All that is wanted is the line with "Chaps Espadrille Sandal" and each line after it to the end of the data below, set down exactly and without pictures.

═══ DATA BELOW

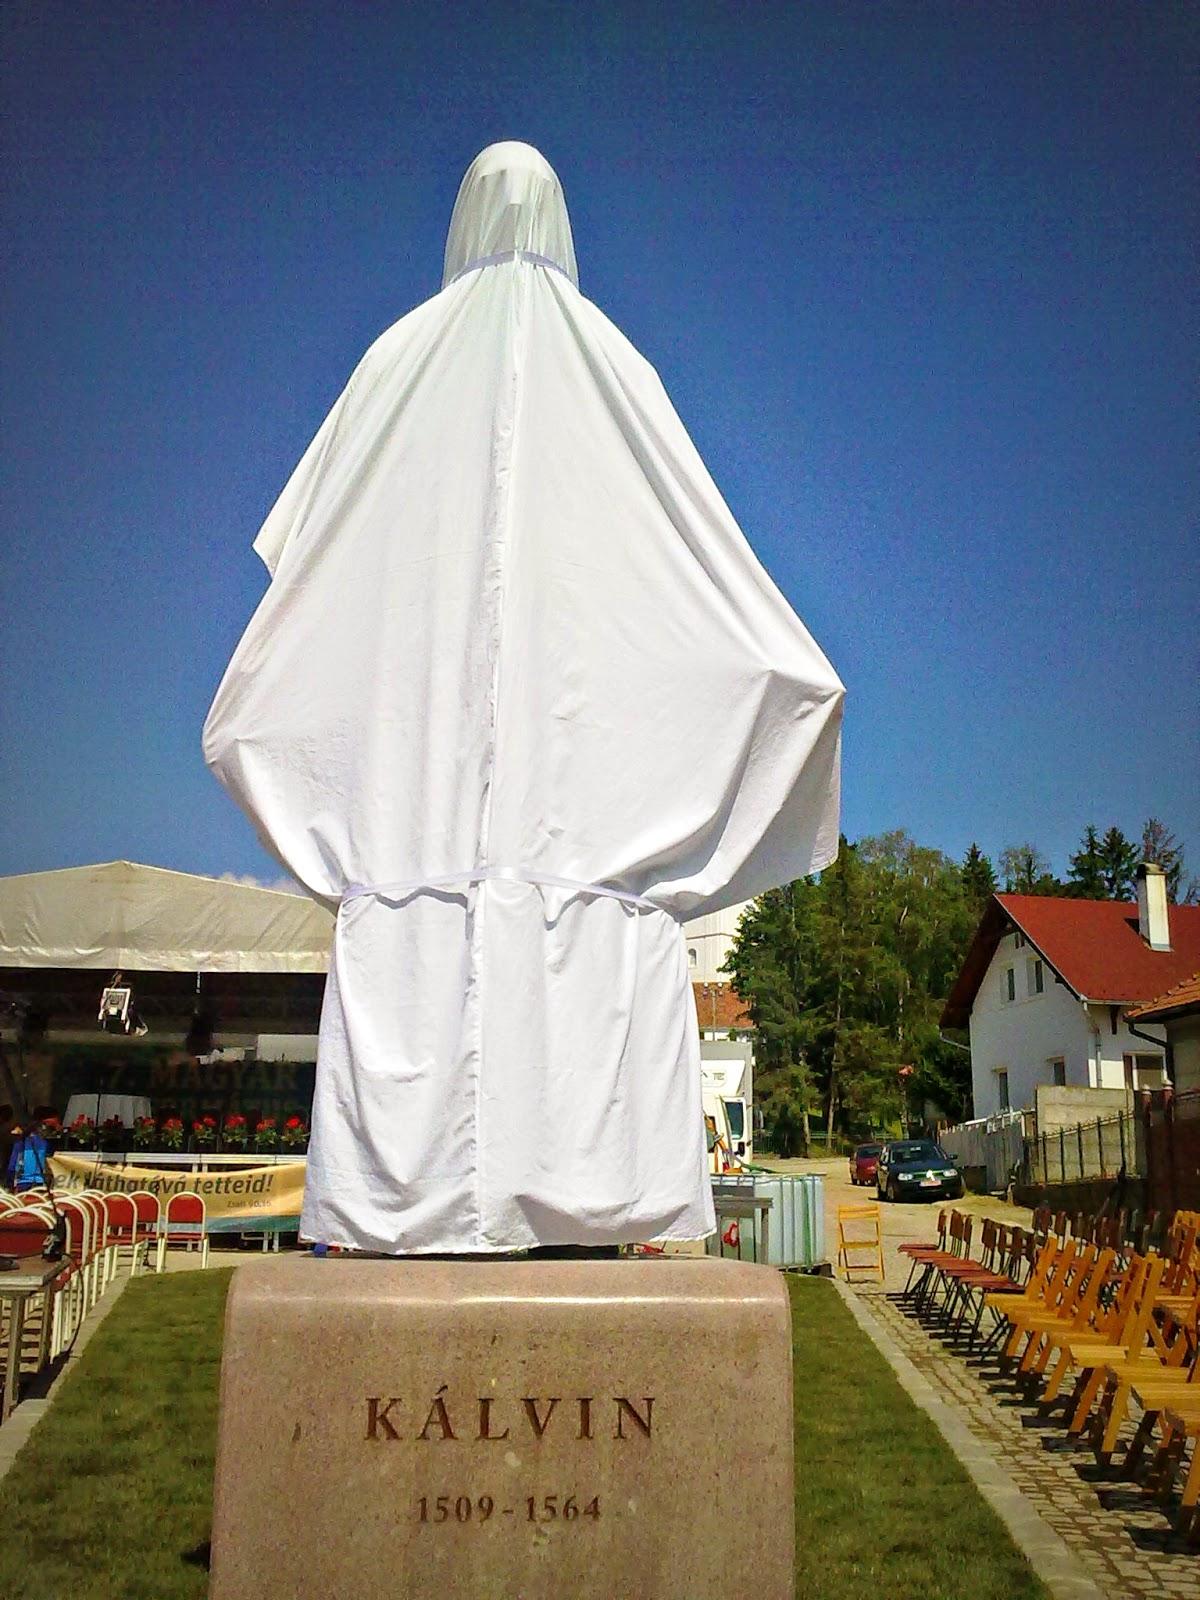 magyar reformátusok világtalálkozója, Sepsiszentgyörgy, Kálvin-tér, Kálvin-szobor
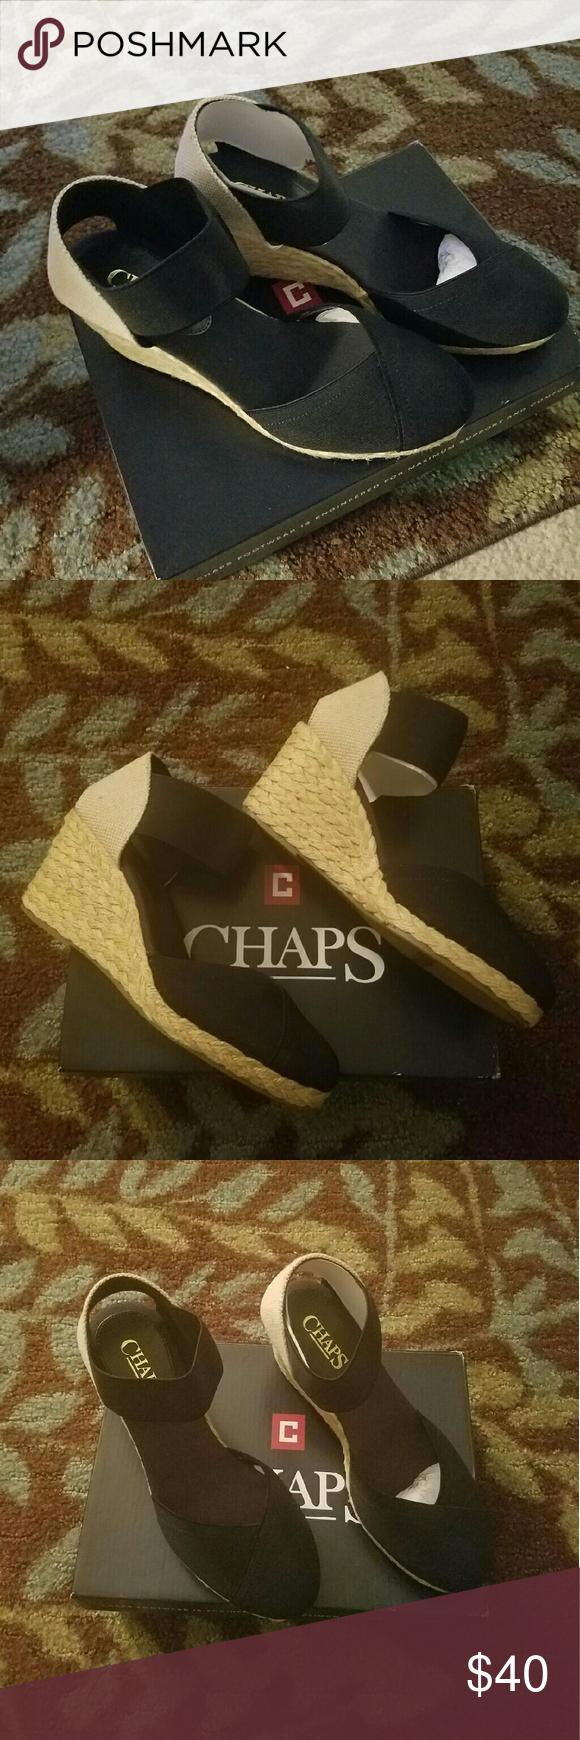 Chaps Espadrille Sandal Brand new, never worn.  Black size 6 Chaps Shoes Espadrilles
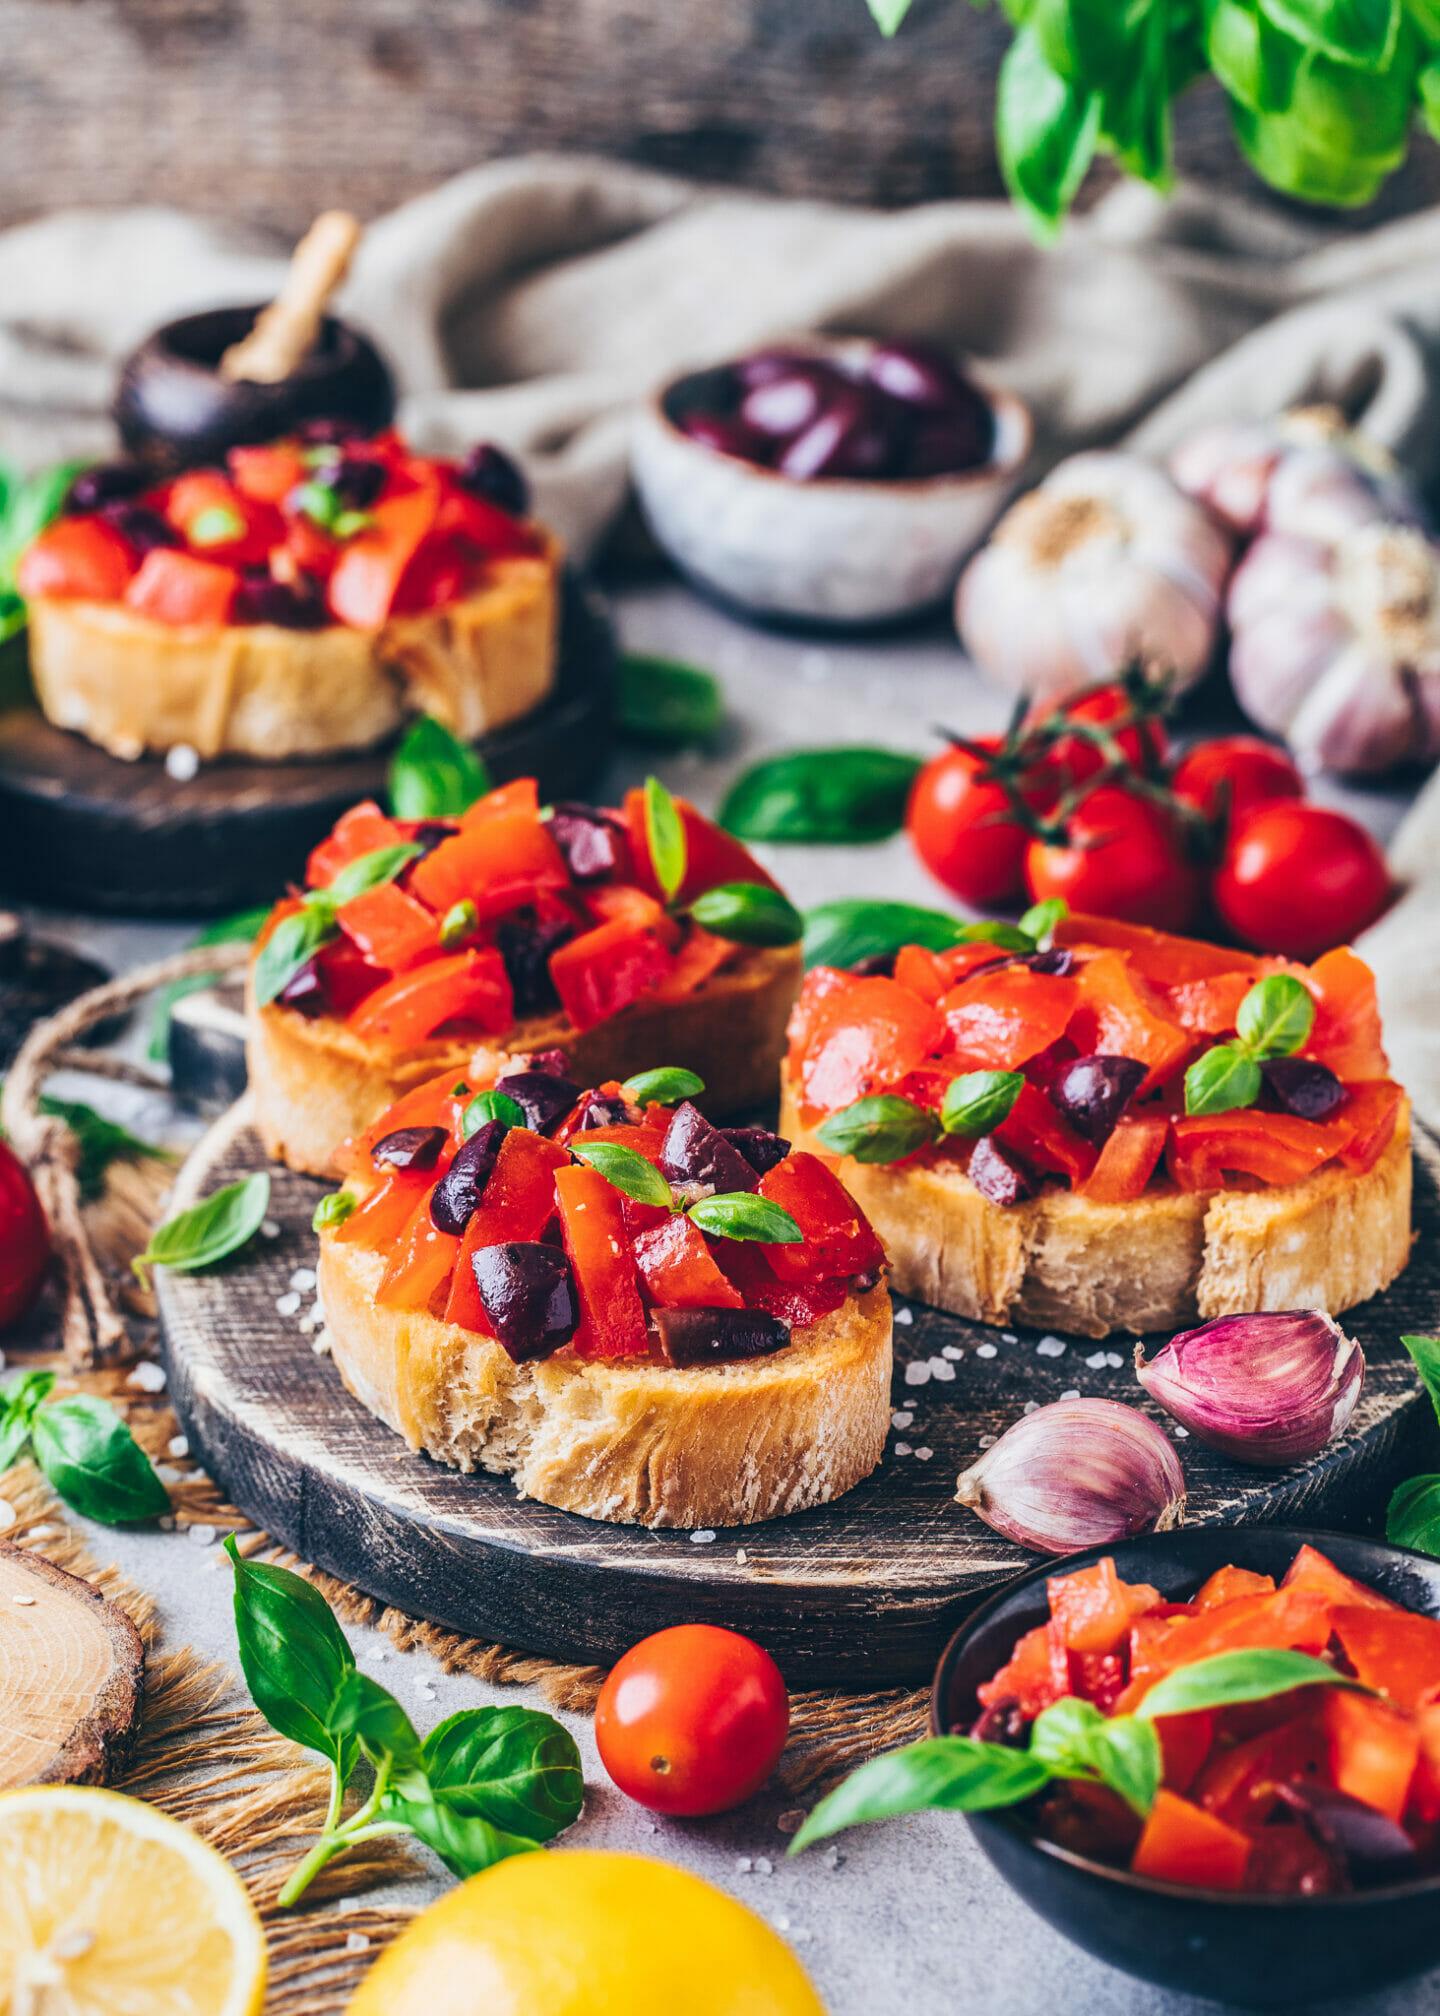 Bruschetta mit Tomaten, Knoblauch, Oliven und Basilikum

══════

## TASK ANSWER:
 Chaps Espadrille Sandal Brand new, never worn.  Black size 6 Chaps Shoes Espadrilles
 Bruschetta mit Tomaten, Knoblauch, Oliven und Basilikum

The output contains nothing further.